Лин наклонила голову и посмотрела на него ироничным, прямым взглядом.
— На то, чтобы наговорить мне нежностей, а потом трахнуть, у тебя будет вся ночь, — тон её немного низкого голоса был мягкий и таинственный. — А пока что можно немного и о работе поговорить, так? Или всё–таки нежности и трахнуть?
Лин улыбнулась и хотела сказать что–то ещё, губы её приоткрылись, но Альберт резко приблизился к ней и поцеловал. Он знал, что Лин только того и хотела.
Следующим утром, как и почти всегда, Альберт проснулся гораздо позже жены. Открыв глаза, он немного полежал, посмотрел в потолок, привел мысли в порядок. Снилось ли ему что–то? Он не помнил точно.

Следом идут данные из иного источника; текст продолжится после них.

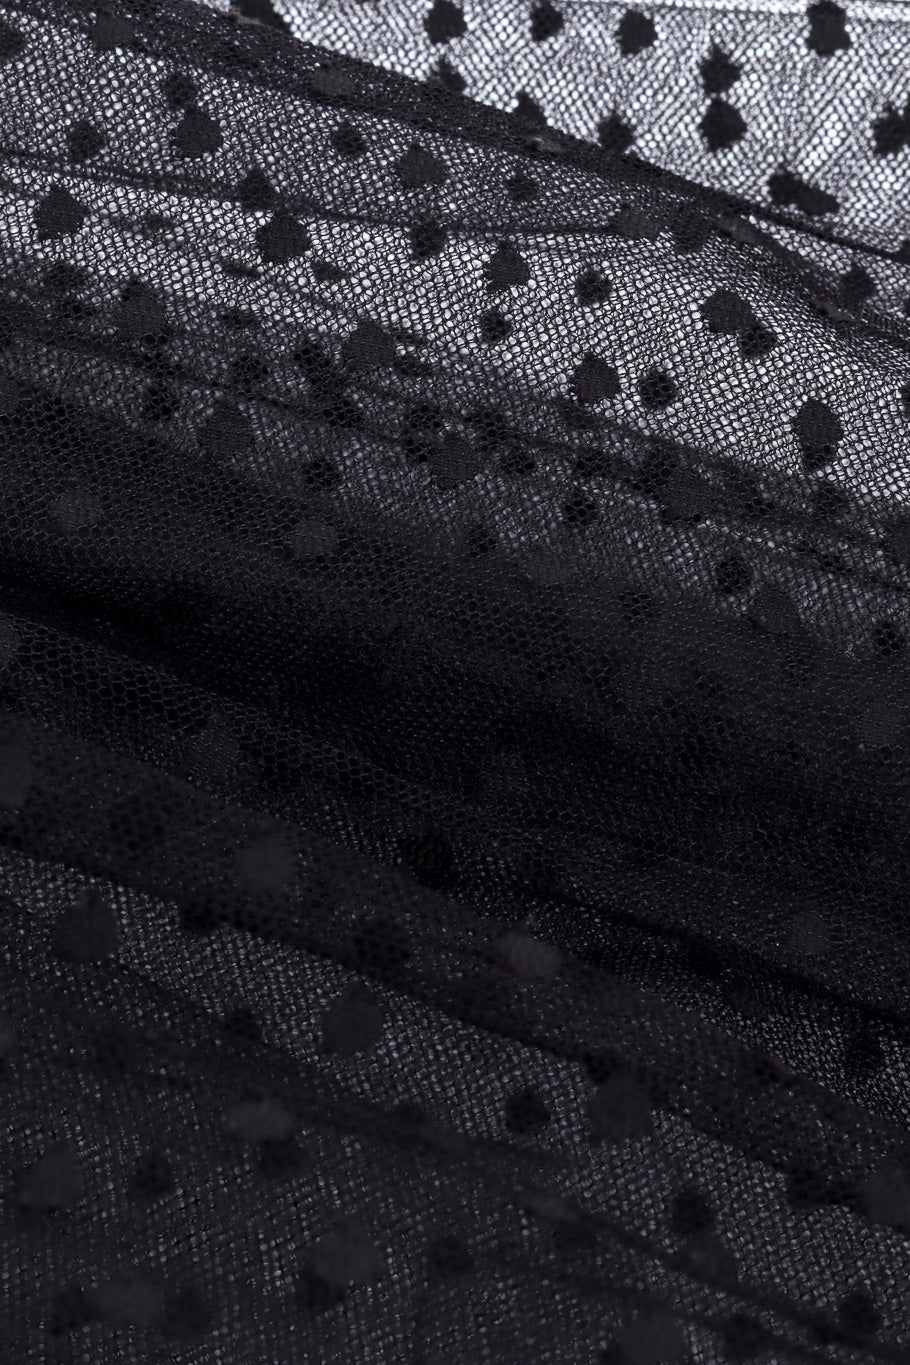 Vintage Bill Blass Polka Dot Tulle Skirt fabric closeup @recessla

Какие–то образы в памяти сохранились, но чересчур спутанные — записать такие в дневник снов вряд ли получится.
Хотя Альберт попытался. Он протянул руку к тумбочке и взял толстую тетрадь, заполненную наполовину — он вёл её ещё с университета. Обычно даже самый красочный сон Альберт описывал лаконично, а записи за последние месяцы вообще казались идентичными.
— Несколько раз просыпался за ночь, — прочёл Альберт запись недельной давности. — Проснулся три раза, — это две недели назад. — Мда.
По крайней мере сегодня он спал крепко.